45. Spice: “Conjugal Visit” (f/ Vybz Kartel) from So Mi Like It
Though this duet was penned and recorded two years before dancehall megastar Vybz Kartel was convicted to life in prison, there’s a palpable desperation to Vybz’s usually laid-back, jovial vocals that hints at the darkness that must have been encircling his and IRL girlfriend Spice’s lives during the trial. It’s like the 38 year-old knew the fate that awaited him, and it’s curious that while Spice only pines for Kartel’s sexuality, Kartel begs for more, trying to convince her of his love from behind bars. The role reversal of the classic boy/girl R&B duet gives “Conjugal Visit” an unexpected gravity.

44. Lewis: “I Thought The World of You” from L’Amour
Judging by L’Amour (which is a reissue, I get it), Lewis’ 1983 must have consisted of his wife leaving him for his only friend, who had just accidentally burnt Lewis’ house down. The poor guy is so distraught, he can barley bring his voice above a whisper, let alone bring himself to put his suffering into decipherable words. “I Thought the World of You” is the musical equivalent of spinning a cocktail straw in an empty glass, and it hurts sooooo good.

43. Le1f: “Sup” from Hey
Le1f is one of those rare artists whose voice becomes more subversive as it moves closer to the mainstream. His early work was fascinating and esoteric, but to my ears, he really shines on anthemic, streamlined tracks like this. The New Yorker has always had bars, but they often were buried behind noisy, overly arty arrangements, which often seemed designed to separate him from the rap mainstream. Now that the scene is home to an army of diverse voices, I can’t wait to hear the 25 year old embrace it and continue to drive massive tunes like this.

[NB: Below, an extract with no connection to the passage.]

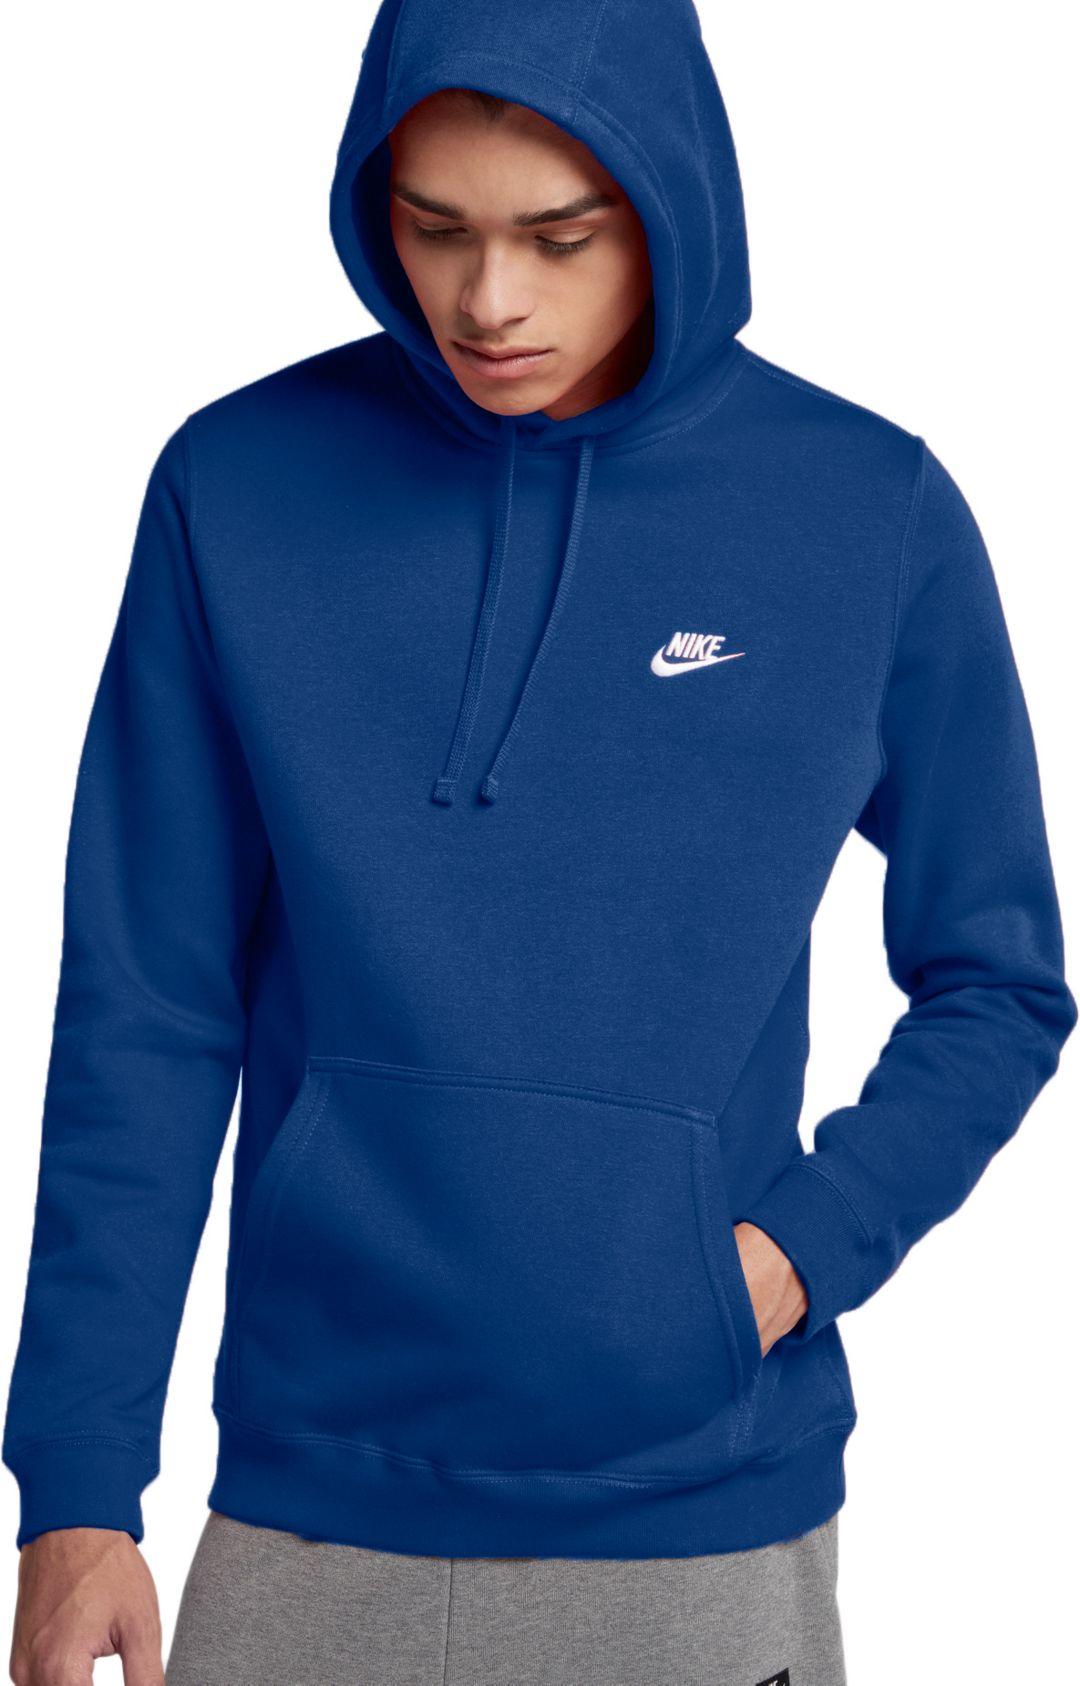 fa0a7bb6d Nike Men's Club Fleece Pullover Hoodie. noImageFound. Previous

42. Toyboy & Robin: “Better Places” (f/ Alex Adams) from Better Places
It was a banner year for emotional house. Artists like Duke Dumont and Gorgon City captivated big rooms across the globe, while an exciting crop of youngsters rose as a human alternative to mainstream EDM’s mechanized dirge. However, none shone as bright as the London duo does here, crafting the kind of ecstatic, life affirming groove that exists in the genre’s most unforgettable moments.

41. Big Quis: “Mayweather” (f/ Payroll Giovanni) from My Turn
Detroit’s Doughboyz Cashout were undoubtedly 2014’s best crew, and two of its heavy hitters combine to hit like a Money Mayweather right cross. Quis has that classic, high-pitched little brother flow, while Giovanni’s timeless, laid-back funk adds a nostalgia to proceedings. It feels like everything I loved about the late-90’s hip-hop I grew up on. More than that, it just feels like winning. I guess 47-0 will make you feel like that.